§ What the task asks
The required result is an exact copy of every line from the one with "Fue ingresada ayer" through the last line below, with the pictures left out.

§ Data for this task
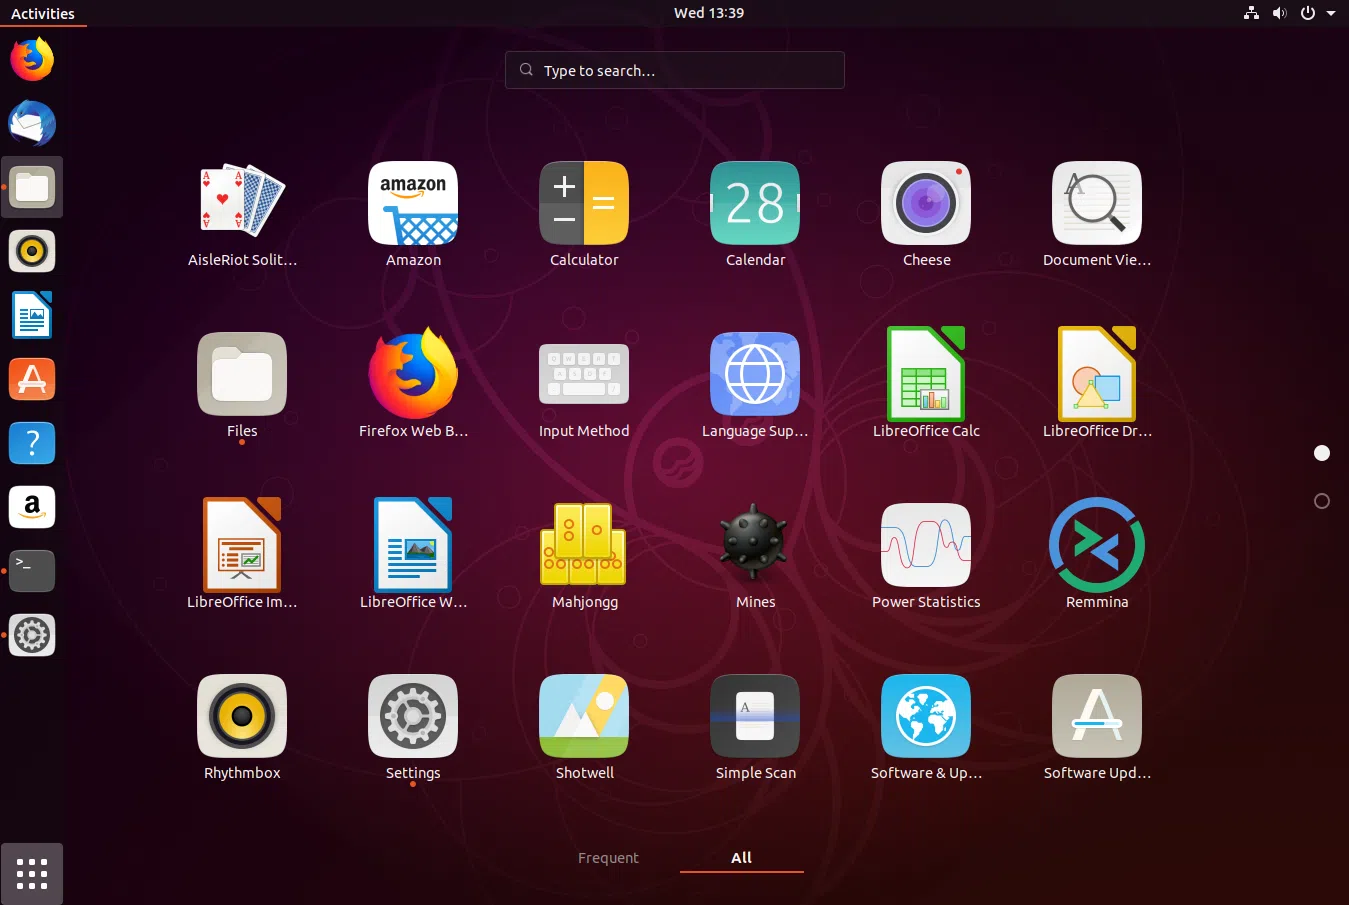 Captura de tela do tema Ubuntu 18.10 Yaru Gnome Shell
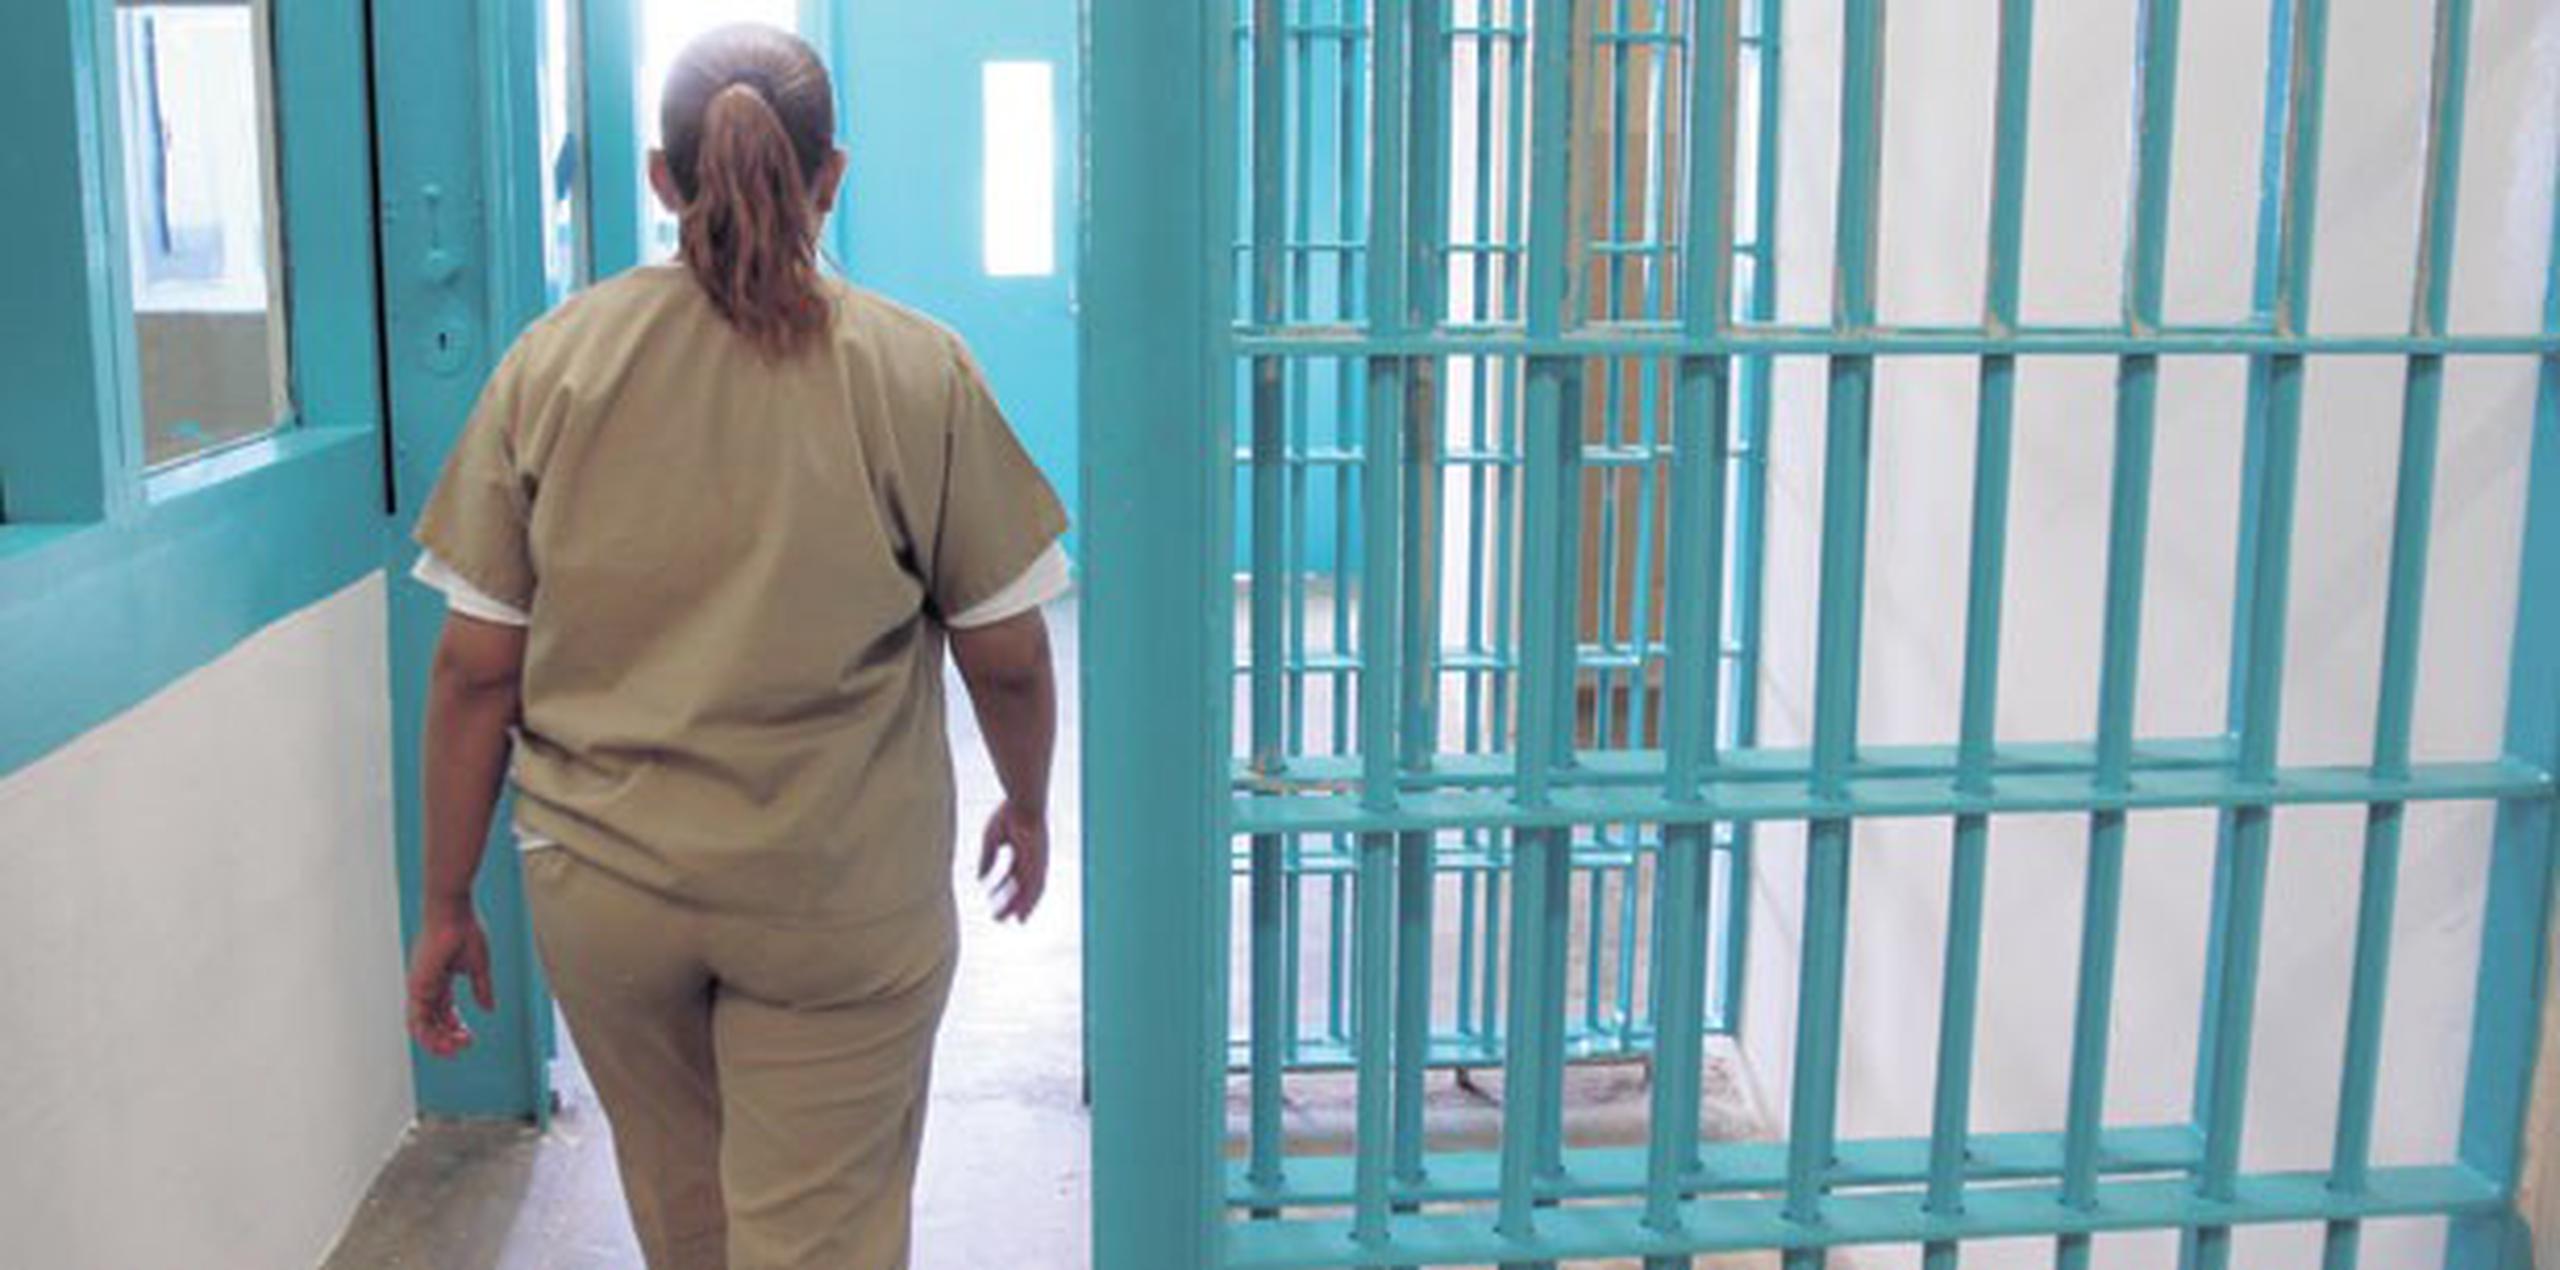 Fue ingresada ayer en la cárcel de mujeres de Vega Alta. (Archivo)
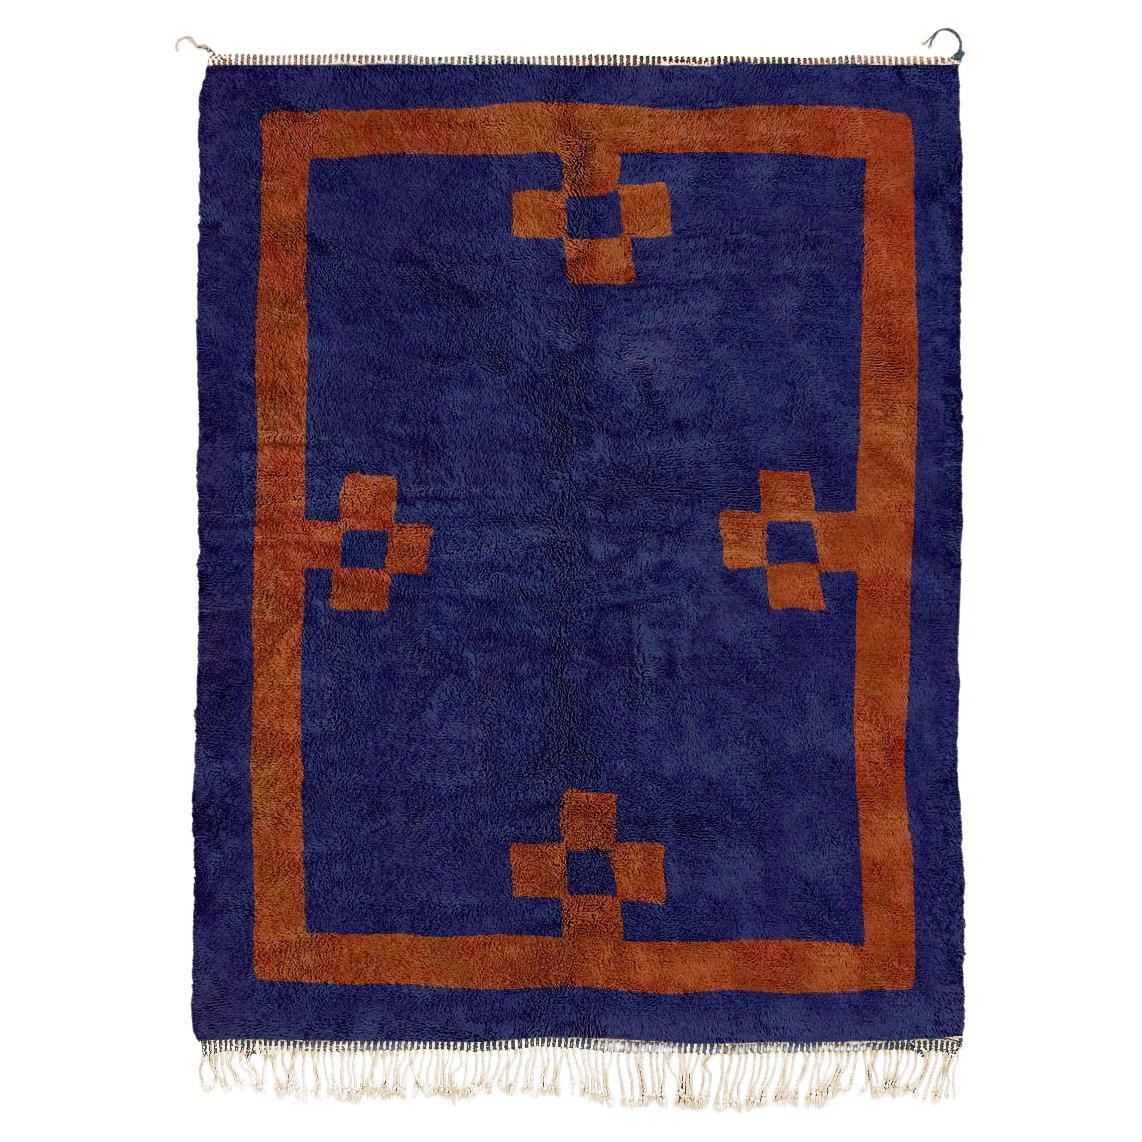 Tapis marocain Beni Mrirt, couleur bleu profond, motif de croix rouges, fabriqué sur commande
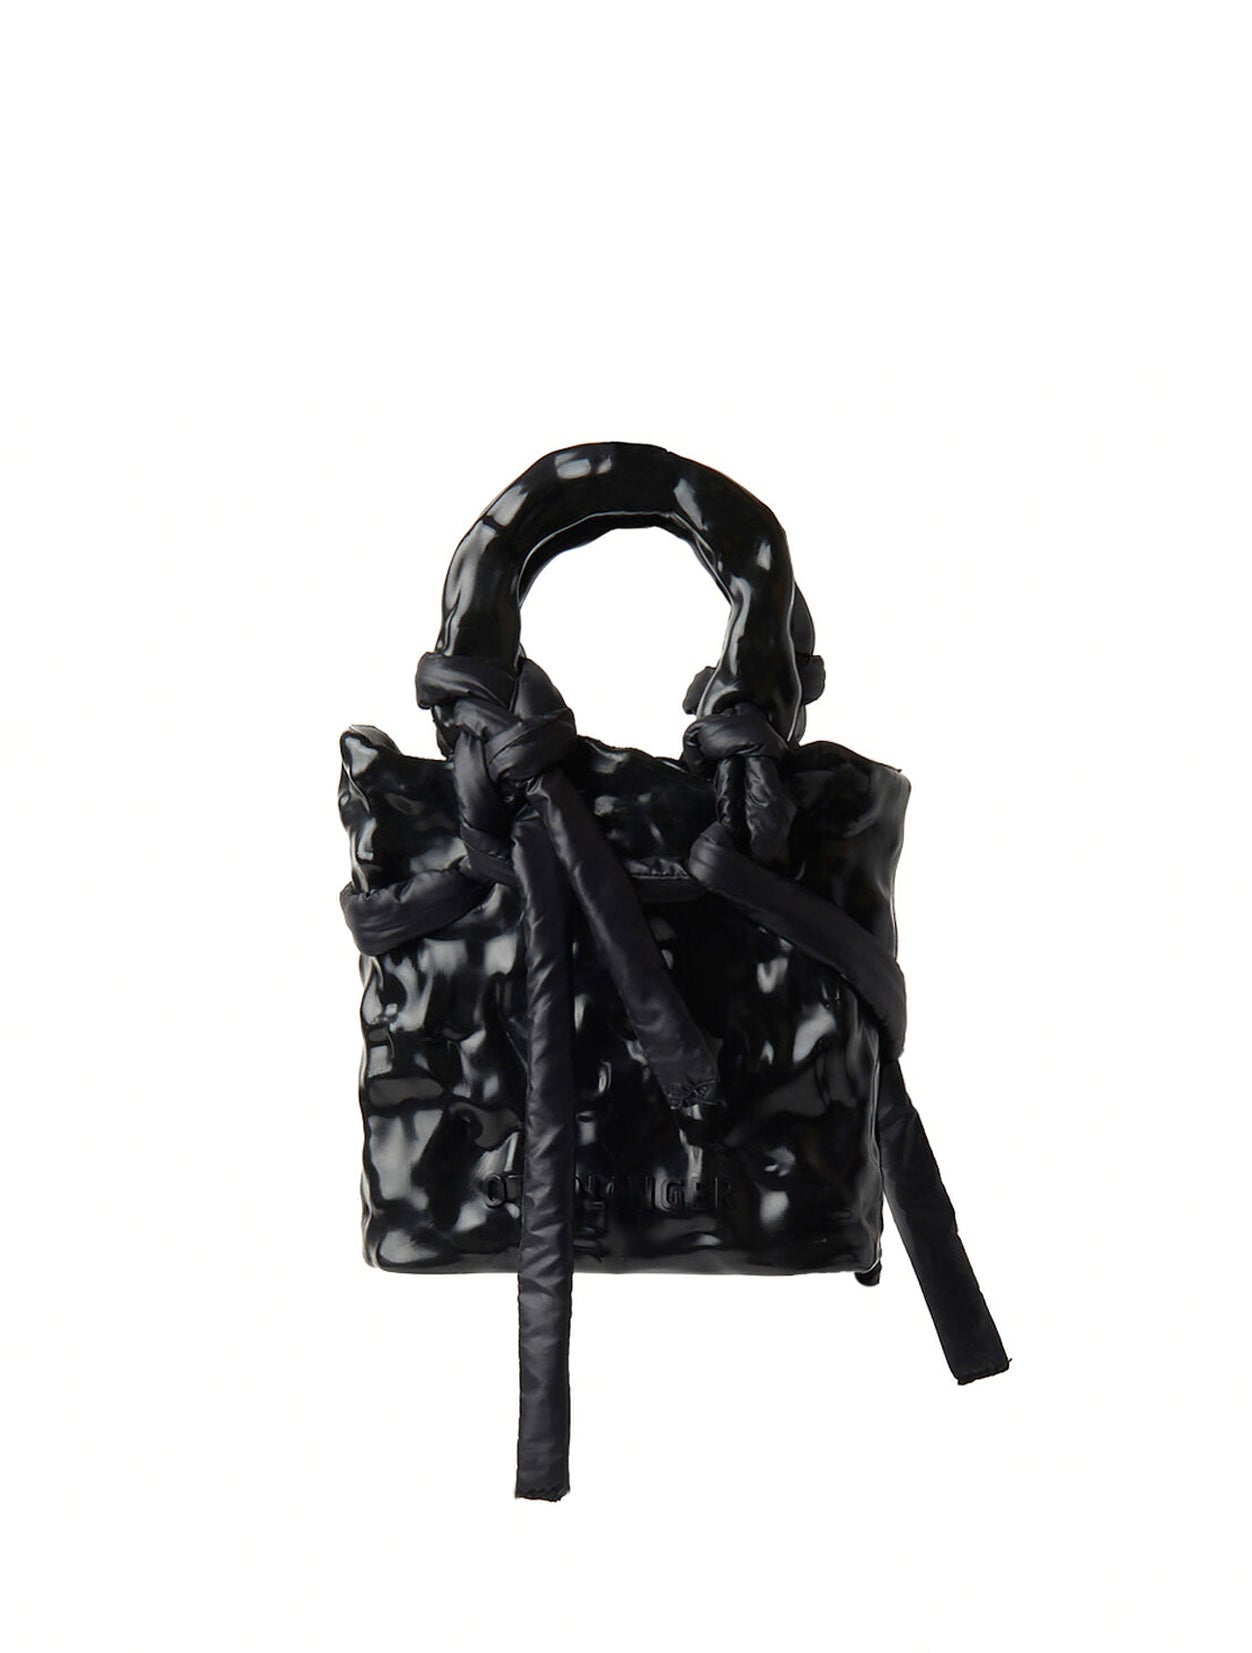 OTTOLINGER Signature Ceramic Handbag in Black
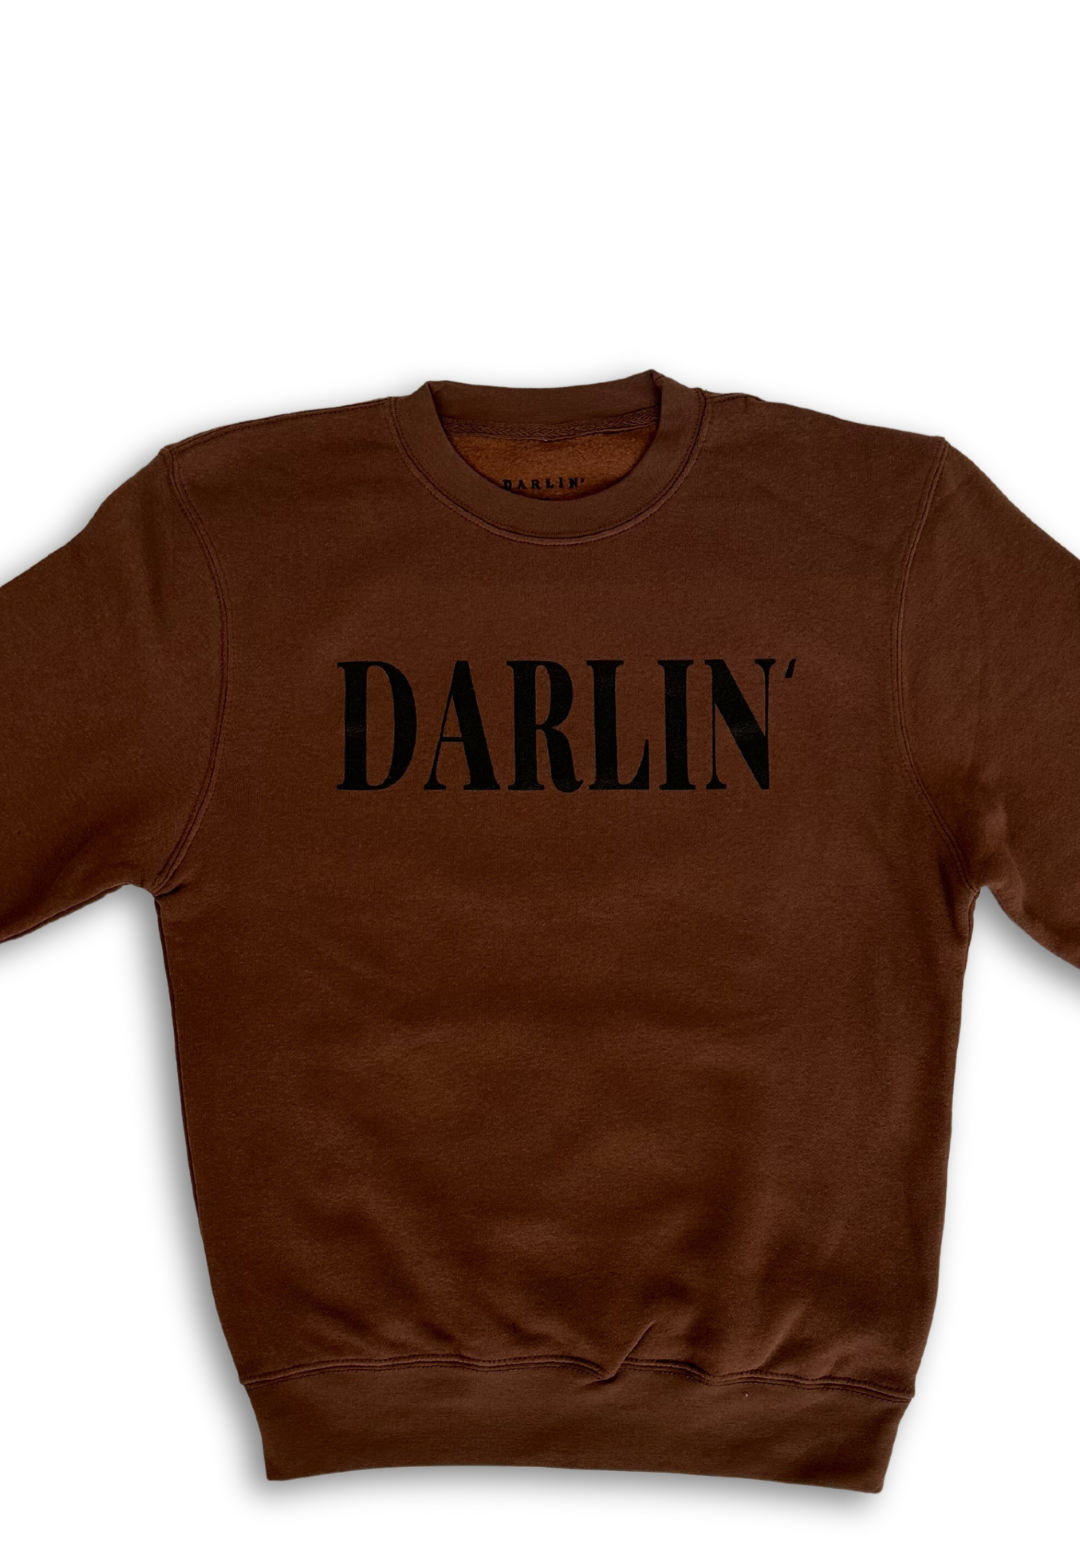 DARLIN' crewneck Brown

§ Worked solution
 Fue ingresada ayer en la cárcel de mujeres de Vega Alta. (Archivo)
 Tapis marocain Beni Mrirt, couleur bleu profond, motif de croix rouges, fabriqué sur commande
 OTTOLINGER Signature Ceramic Handbag in Black
 DARLIN' crewneck Brown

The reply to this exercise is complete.